These Lemon Protein Bites are a wholesome and satisfying snack option filled with simple ingredients and bright lemon flavor! Make a batch of these energy bites to have a convenient snack on hand ready to curb hunger whenever it hits!
It seems like most protein bars are hit or miss for us. A “healthy” energy bar can be loaded with over 20 grams of added sugar. Or it can be full of sugar alcohols.
Or it can be full of fat or other processed ingredients. Or it can actually be healthy and taste good, but it costs a lot. You get the picture.
After one particularly disappointing experience with an expensive lemon protein bar that was mushy and tasted strongly of sugar alcohols, I decided to head to the kitchen to make our own lemon protein snacks.
Ones that wouldn’t be loaded with sugar or sugar alcohols (or other unwanted ingredients) and would have a bit of substance to them when you took a bite!
Almond flour, oat flour, and protein powder are the base of these energy bites. For a hint of sweetness we added in a bit of honey (you could also use pure maple syrup).

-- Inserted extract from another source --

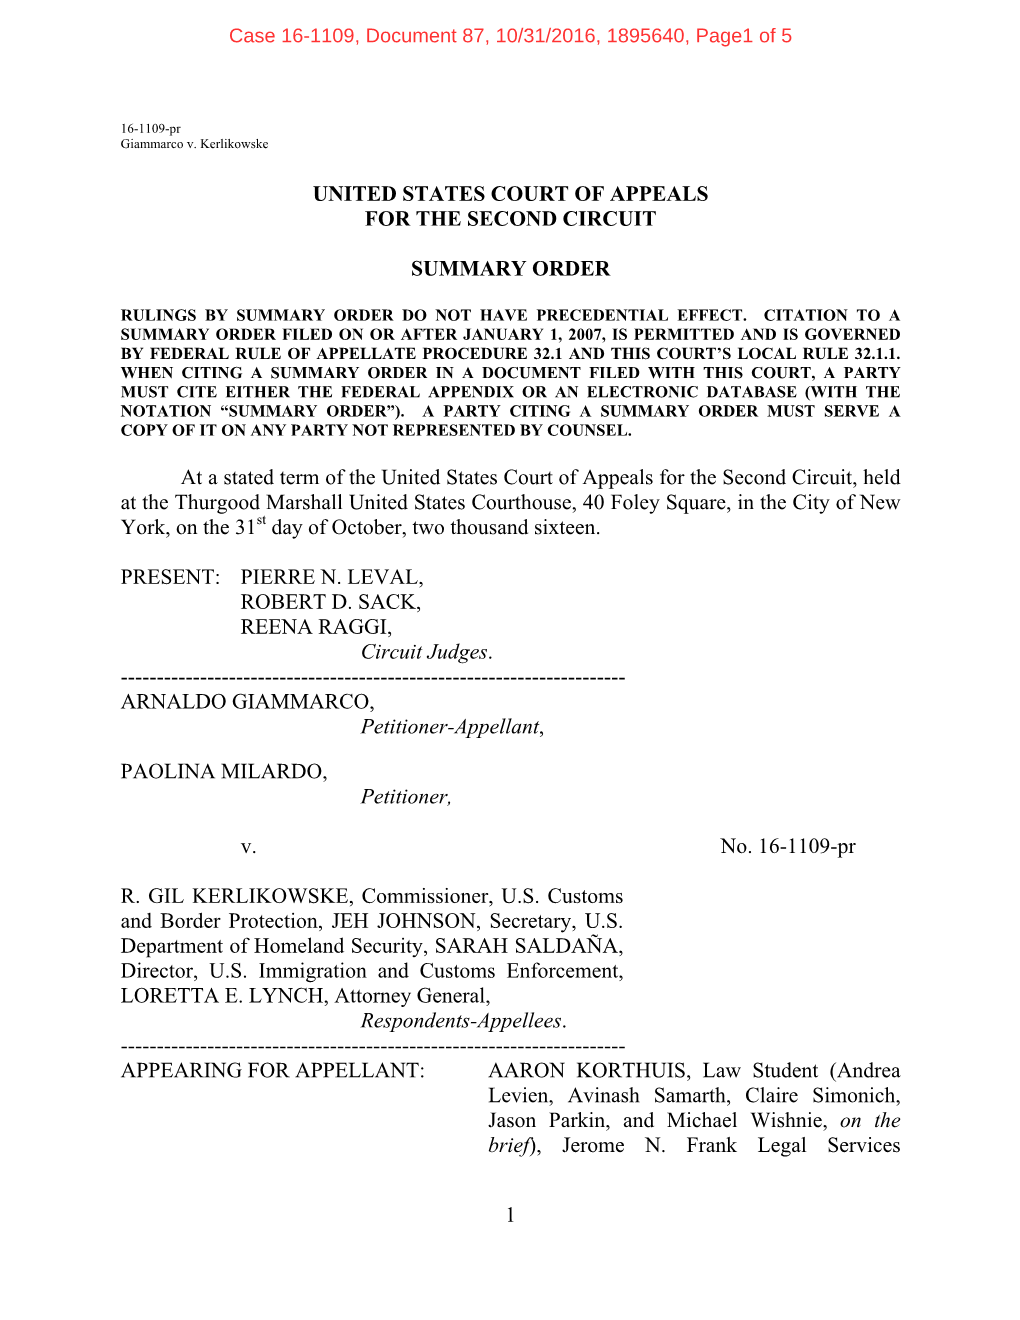 United States Court of Appeals for the Second Circuit Summary Order

A light, bright citrusy flavor is achieved by adding in some fresh lemon juice and lemon zest.
Normally we would lean towards using almond butter for our granola/protein bites, but not this time. Since we didn’t want to add any other strong flavors to the mix, we used cashew butter to bind everything together.
The result was a surprisingly simple and super quick recipe for protein bites that are satisfying, wholesome, and not super expensive!
Tips for Making Lemon Protein Bites
- Because natural cashew butter can be quite oily, make sure to thoroughly incorporate the oil before measuring.
- Due to the difference in cashew butters, and even protein powders, you may find that your granola mixture still seems too “wet” or too “dry” after mixing all of the ingredients together. If the mixture doesn’t hold together when pressed, add in more lemon juice or honey a tablespoon at a time. If the mixture seems too wet, add more oat flour, a tablespoon at a time, until you reach desired consistency.
- Want more of a chew to your bites? Swap out 1/4 cup of the oat flour for rolled oats.
- The nutrition information will vary based on the type of protein powder used, since protein, sugar, and fat content can vary greatly between brands. The nutrition of these bites is based off of Muscle Milk Genuine Protein Powder — Vanilla Creme.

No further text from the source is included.